I had all sorts of little stitchery projects going before Huck was born (a mere four years ago), but I put everything aside when he came along and haven’t returned to it since. (To my chagrin: I still owe a couple of quilt blocks to certain VERY UNDERSTANDING members of my virtual sewing circle, and I never even sent out my own fabric for them to magic into something wonderful. IT’S STILL ON MY LIST OF THINGS TO DO, THOUGH.) (I’m shouting at myself.)
We had planned to go to the zoo today to celebrate Beanie’s 12th (TWELFTH!!!!) birthday, but the rain foiled our plans. Perhaps next week. Among all the other delights of the zoo, I want to give Rilla and Huck a chance to pet a real sheep, feel the lanolin in its wool, for a little sheep-to-yarn rabbit trail I’ve planned for Rilla, who got knitting needles for Christmas. With pink cats on the ends! And how’s this for incentive to pick up my own needles: I was sent a KnitCrate package to review for my subscription-box series at GeekMom—it’s loverly. The two yarns they included are to swoon for.

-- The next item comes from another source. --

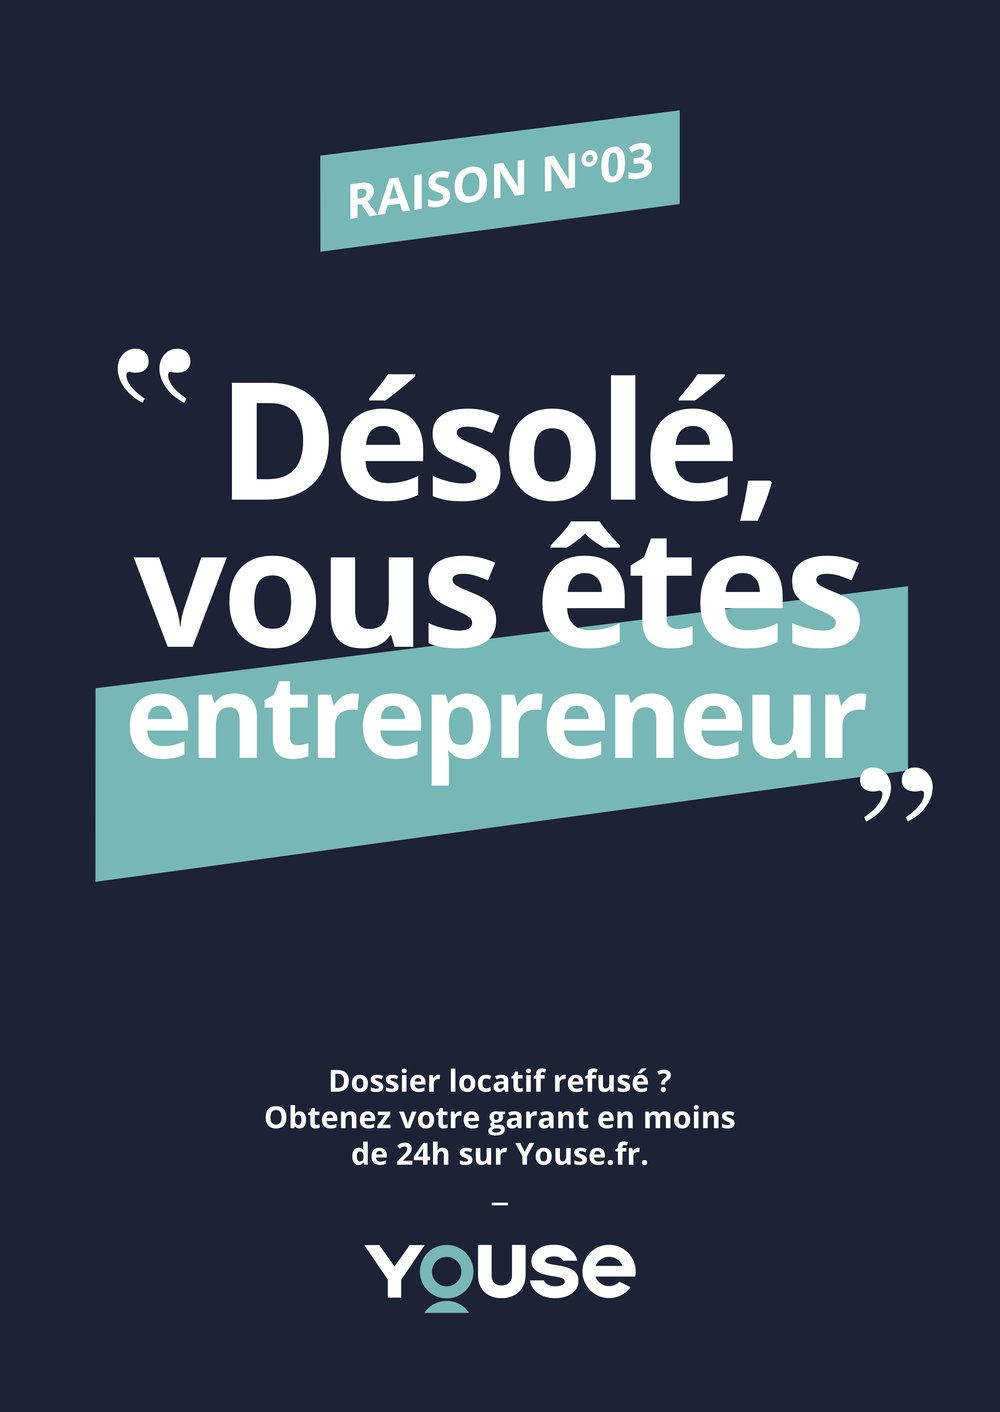 YOUSE_Affiche_Entrepreneur_845x1193mm_01.jpg

I’ll let you know when that post goes up, probably next week.
Some tempting new review copies arrived: The Water Castle, a middle-grade by Megan Frazer Blakemore, and Flora and the Flamingo by Molly Idle—gorgeous art on that one, reminiscent of the German illustrator Nikolaus Heidelbach, whose name I was recently wracking my brain to recall.
Simple Pictures Are Best (illustrated by Tomie de Paola) is a book I remember giggling over with my little sisters long ago. Now I get to hear my kids giggle over it. And The Little House remains at the tippy-top of Huck’s best-loved books list.
Rose likes baking. I like cookies. We’re a good match.
This time last year I was heading into a garden-lit binge: that wonderful collection of letters between Katharine S. White and Elizabeth Lawrence, which led to more books (rereads and first-time reads) by each, and some new bulbs in my garden. This year, oh joy! Netgalley delivered to my Kindle a new collection of Eudora Welty’s gardening letters, Tell About Night Flowers, forthcoming from University of Mississippi Press. This is the sort of thing that makes me giddy. This publisher is also responsible for the fascinating (so far; I’m not finished) book Crockett Johnson and Ruth Krauss: How an Unlikely Couple Found Love, Dodged the FBI, and Transformed Children’s Literature. I have many treasured books written and/or illustrated by these two, and until this book I had no idea they were a couple. I love literary couples.
What are you reading right now?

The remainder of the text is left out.